Em outras palavras, para que as crises nas terras Yanomami e em todos os territórios indígenas sejam resolvidas, o governo brasileiro precisa começar a ouvir os povos indígenas e revisar completamente suas políticas econômicas. Não pode continuar a favorecer o grande agronegócio, a indústria da carne, a extração de petróleo e gás e a exportação de matérias-primas produzidas às custas da natureza e dos povos indígenas.
Não pode continuar a implementar “meias medidas” – enviar forças de segurança para limpar as florestas dos mineiros ilegais e depois retirá-los. Envio de alguns alimentos e suprimentos médicos, mas não estabelecimento de infraestrutura permanente de saúde para garantir o bem-estar dos povos indígenas.
Não pode continuar a tratar os povos indígenas como se fossem cidadãos de segunda classe.
“Também é importante que o governo indenize os Yanomami que perderam metade de seu povo e que os criminosos sejam investigados, identificados e punidos. Então, haverá justiça, e então essas pessoas serão verdadeiramente respeitadas e vistas como parte da sociedade, não como um grupo que não pertence ao Brasil e que não merece respeito”, disse-me Batista.
Na Conferência da ONU sobre o Clima em Dubai (COP28) no ano passado, Lula, que tenta se autodenominar um líder climático global, foi acompanhado por uma grande delegação chefiada por Sonia Guajajara, ministra dos Povos Indígenas.
Numa declaração após o final da conferência, Guajajara, um defensor de longa data dos direitos indígenas e ambientais, estabeleceu metas robustas – incluindo a proteção dos direitos indígenas e desmatamento zero – para a COP30, que o Brasil sediará dentro de dois anos.

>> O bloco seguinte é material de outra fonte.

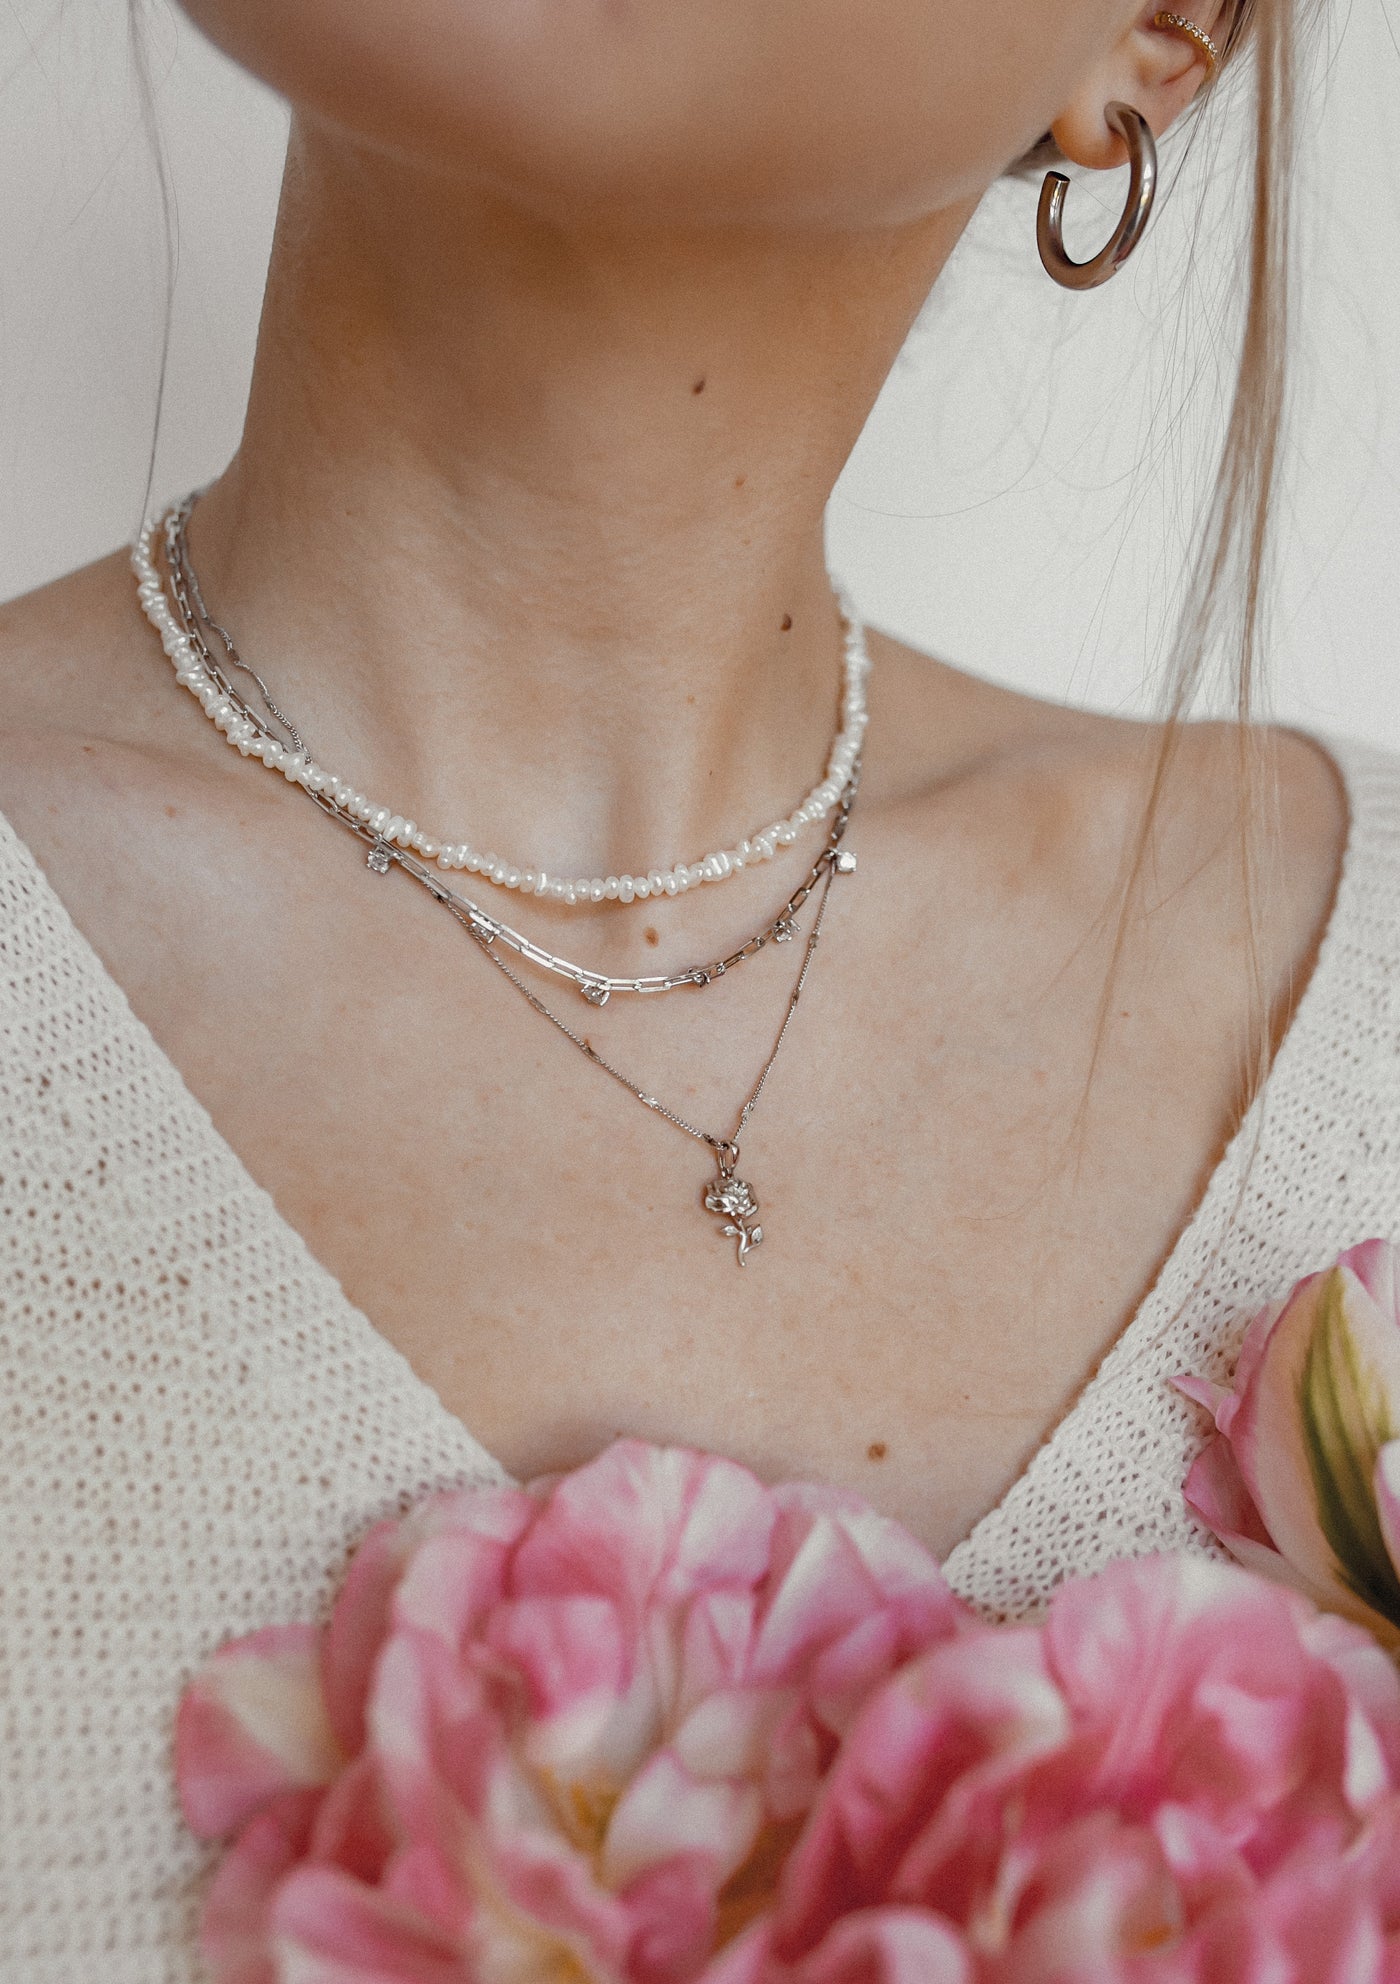 Delicate Starburst Chain Necklace Sterling Silver

Se Lula e o seu governo estiverem realmente empenhados em cumprir os principais compromissos climáticos, não terão muito tempo a perder. Eles precisam de rever imediatamente as suas políticas económicas tendo em mente os direitos indígenas e a sustentabilidade. Caso contrário, em 2025, eles presidirão uma COP em meio a uma catástrofe climática e a um genocídio indígena.
As opiniões expressas neste artigo são do próprio autor e não refletem necessariamente a posição editorial da Al Jazeera.